The Data Plane API is a REST API for managing HAProxy. It runs as a sidecar process and it runs on the same machine as the HAProxy. It handles reloads, so it reloads HAProxy when necessary. We have a reload delay configuration option. If you have multiple changes in a short period of time you can set the reload delay so that the Data Plane API doesn’t reload the HAProxy every time. It just reloads in that period when there have been changes in that period.
Also, it uses runtime time whenever it is applicable to change the stuff in memory on the fly without reloading. We saw in a lot of presentations today that people have similar implementations of their own of this mechanism, so it’s quite standard as it seems. Also, the Data Plane API targets master-worker processes. If you have a setup running in multi-process mode, the Data Plane API will know and it will target the stats sockets of each process. Or if you have master socket setup, it will communicate with child processes using the master socket.

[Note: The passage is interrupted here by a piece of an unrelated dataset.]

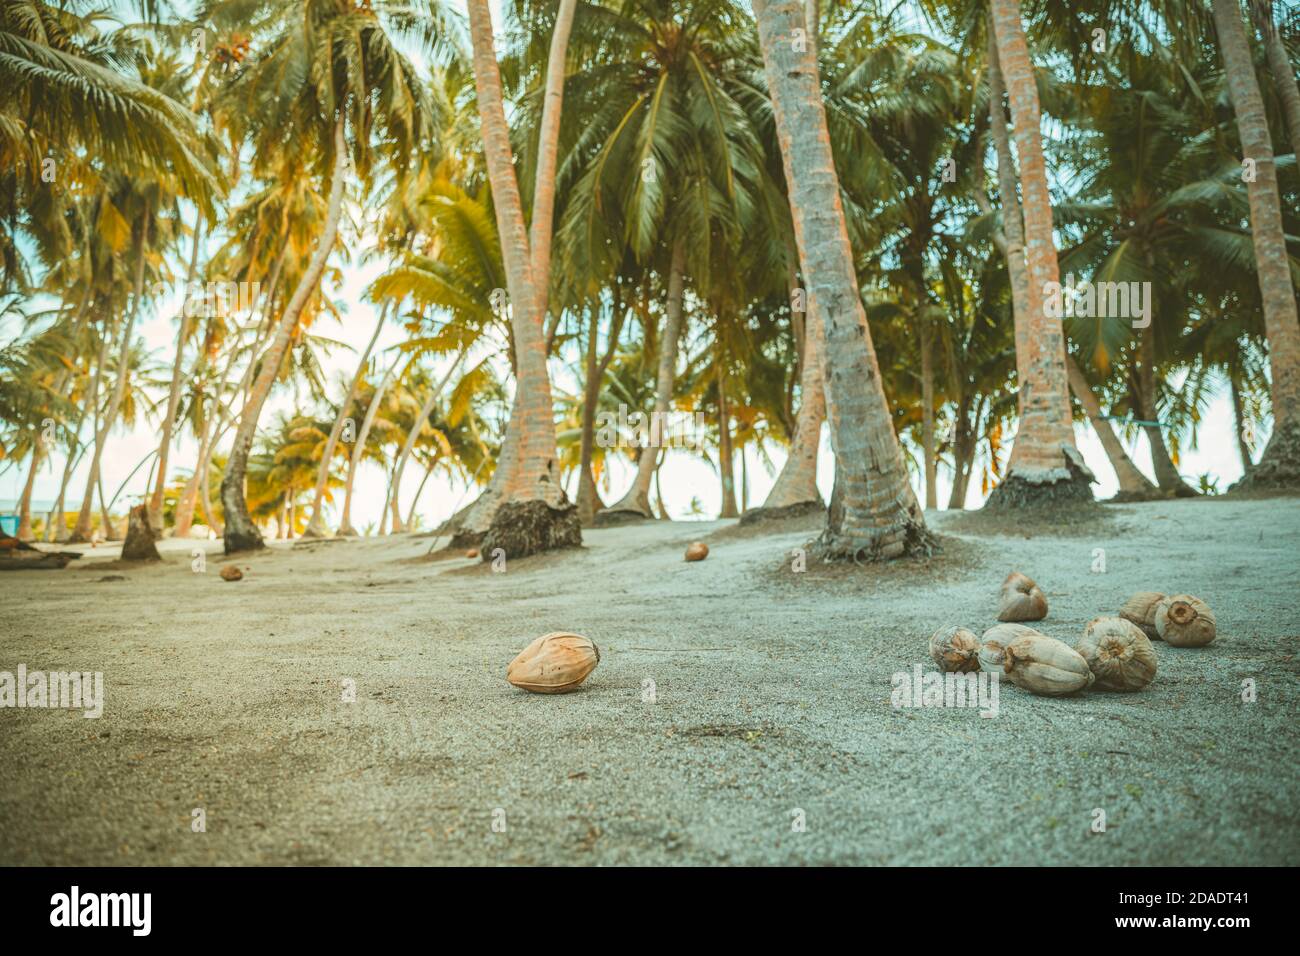 Palm trees, tropical island with coco palms. Exotic nature pattern ...

The Kubernetes Ingress Controller is our implementation of the Ingress controller. It listens for events on the Kubernetes API and it reacts to those events by translating them into model structs and using client-native to change configuration. Also, as the Data Plane API, it tries to avoid reloads as much as possible using the Runtime API. You can configure the Kubernetes Ingress Controller on multiple levels. The service objects, the Ingress object, and the Config-map.
All of our projects have been open sourced at our GitHub account, haproxytech. If you want to use those projects feel free to create issues for possible feature requests, bug reports or anything. We’ll be happy to answer and also if you want to contribute, we’ll guide you through the process. Here is a simple example how you can contribute.
In this example, we’re adding some fields to the server resource in the Data Plane API. First of all, you go to the config-parser, check if it understands that field and if it can parse it, you create a merge request there. You add them to our OpenAPI specification, generate the models package, implement the logic in the client-native package, and finally you generate the Data Plane API project using the specification. It looks kind of complicated, but when you get into it, it’s not.